FIGS. 6 and 7 show a two-gap spark plug made in accordance with another embodiment of this invention. A neutral electrode 43 is imbedded in a tubular member 44 made of a ceramic or a high temperature glass, said member 44 including a radially-extending leg 45 which is cemented in a diametrical slot formed in the end of the core 46. The center electrode 47 has a tip 48 extending toward the neutral electrode, which tip is encased within a non-conducting coating 49. The ground electrode 50 is welded to the threaded portion 12 of the spark plug shell and has a tip spaced from the neutral electrode, said tip being encased in a non-conducting coating 51. In this particular construction, the two spark gaps (h) and (i) are well spaced from each other. Also, the spark gaps lie on opposite sides of the tubular member 44 which serves as a combustion deflector. When the spark plug is installed on an internal combusion engine, initial ignition of the compressed fuel mixture takes place at the spark gap (h). Although measured in milliseconds, some period of time is required for combustion to take place in those areas of the fuel mixture which are remote from the point of initial ignition. The spacing of the spark gaps and the action of the deflector provide a sufficient time delay so that an ignitable fuel mixture is present at the spark gap (i) when the second spark occurs across such gap. The net result is a more complete combustion of the fuel which provides increased power to the piston of the engine with a corresponding reduction in pollutants exhausted into the atmosphere.

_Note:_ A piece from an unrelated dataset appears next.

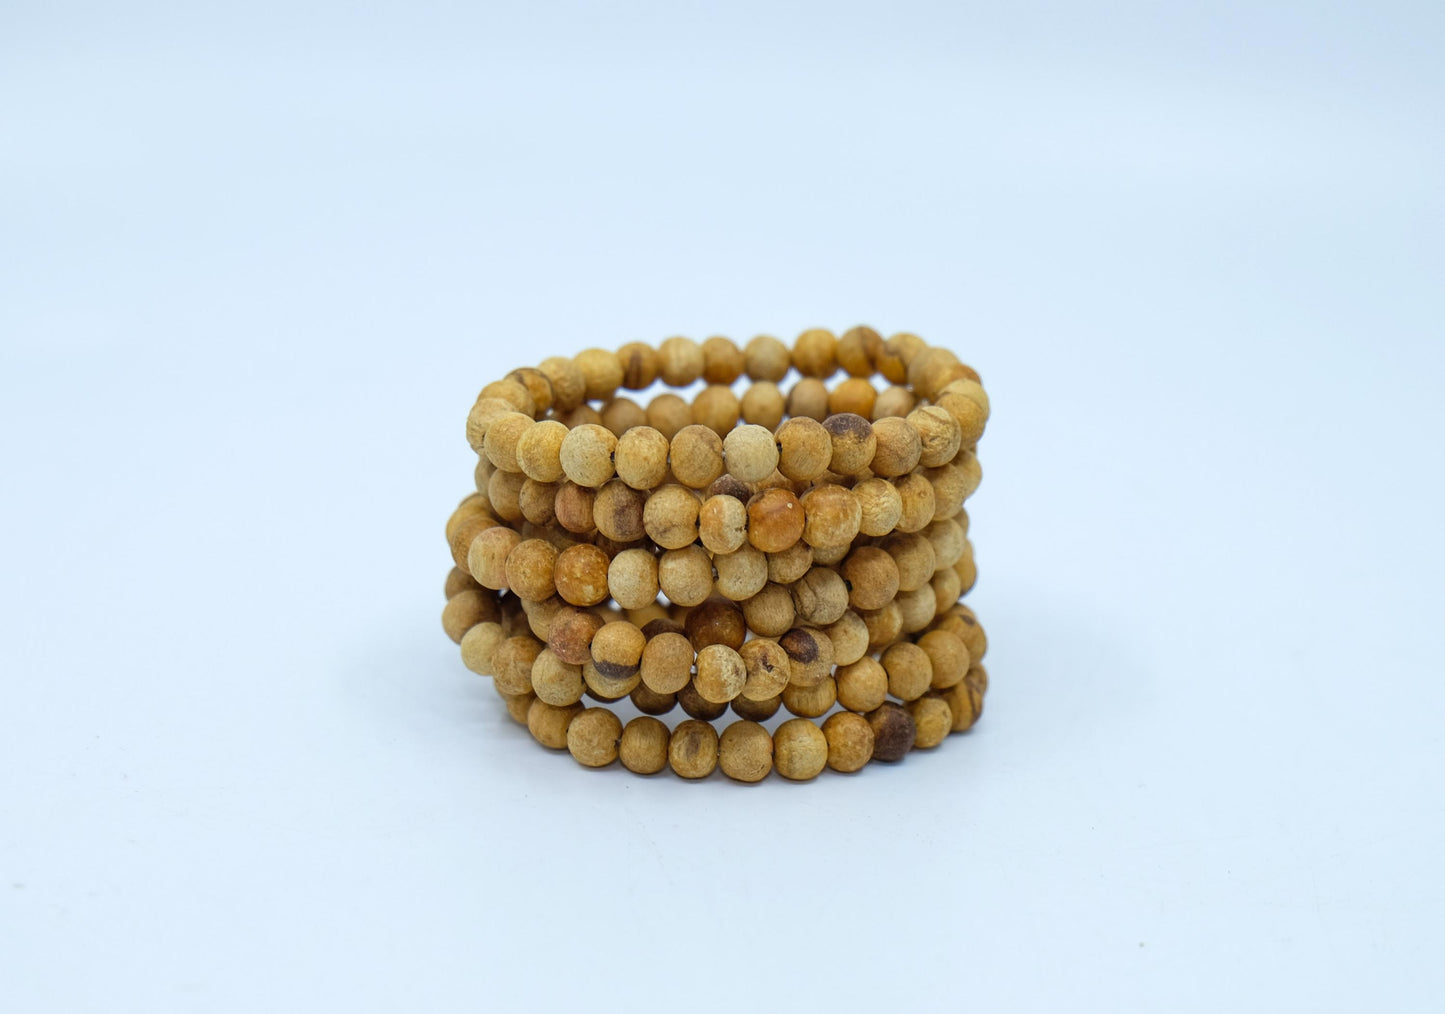 Palo Santo Bracelet (small bead)

The coating of the electrode tips with a high temperature non-conducting material eliminates chemical and electrical erosion of the tips, whereby the electrodes may be made of an inexpensive base metal. Also, accumulated carbon deposits on the non-conductor surfaces can be removed easily and does not necessitate a re-adjustment of the effective spark gap length, as is the case when the eroded surface is removed from the tips of conventional electrodes.

Claims

Having now described the invention what I desire to protect by letters

1. A spark plug comprising,

a. a core of insulating material carried by a metal shell,

b. a main electrode carried by said core,

c. a ground electrode connected to said shell and having an end portion spaced from an end portion of the main electrode to form a spark gap

d. a non-conducting ceramic material covering the said end portion of the ground electrode, and

e. a non-conducting ceramic material covering the said end portion of the main electrode and spaced from the covering on the end portion of the

2. A spark plug as recited in claim 1, wherein the said non-conducting material is a high temperature glass.